Friday, June 28, 2013

English Language Changes

We notice our language changing all the time. But that tends to be the big ways.  Although the majority of people in my life use complete words and sentences when they text, it really hit home just how much the new texting English had infiltrated our world when my niece spelled "tomorrow" on a school spelling test as "2moro".  But, she was also known to do all that adding of letters that is somehow considered to be text short hand.  Mickey's 28 year old son can not write the word "me" without at least two or three extra e's.  That, I interpret as part of a raging case of narcissism.  It's all, "What about meeeeeeeee?"

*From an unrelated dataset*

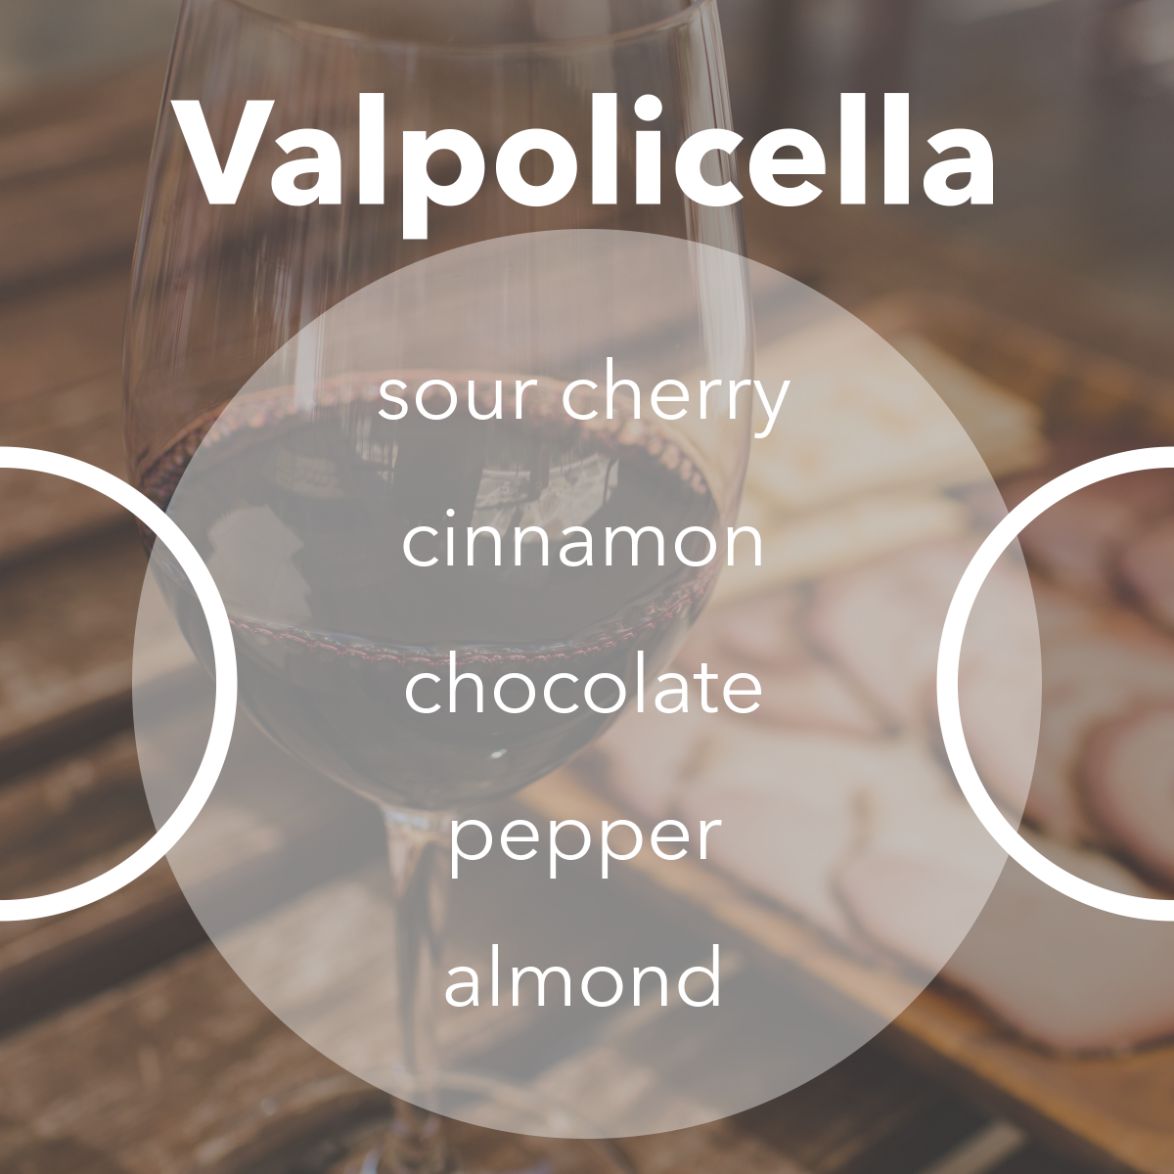 Valpolicella wine tasting notes.

I stumbled across this article at Mental Floss, 4 Changes to English So Subtle We Hardly Know They Are Happening..  The author Arika Okrent points out that this isn't the first time it happened. Which, ostensibly means it won't be the last.  I, for one am totally okay with the modernization that took us from Middle English.  I still have a poem memorized in Middle English, and if it weren't for the fact that I was taught that it roughly translates to something like the Lord's Prayer, I'd have no idea what I was saying.  I can imagine middle aged, Middle English speaker's shaking their heads over 'those crazy kids" who were screwing around with their language.  And, now, I'm picturing them yelling to get off their lawns. 

For the record, considering the abuse of the past perfect tense among ignorant/ignorant sounding persons, I'm all about phasing that right on out of our language.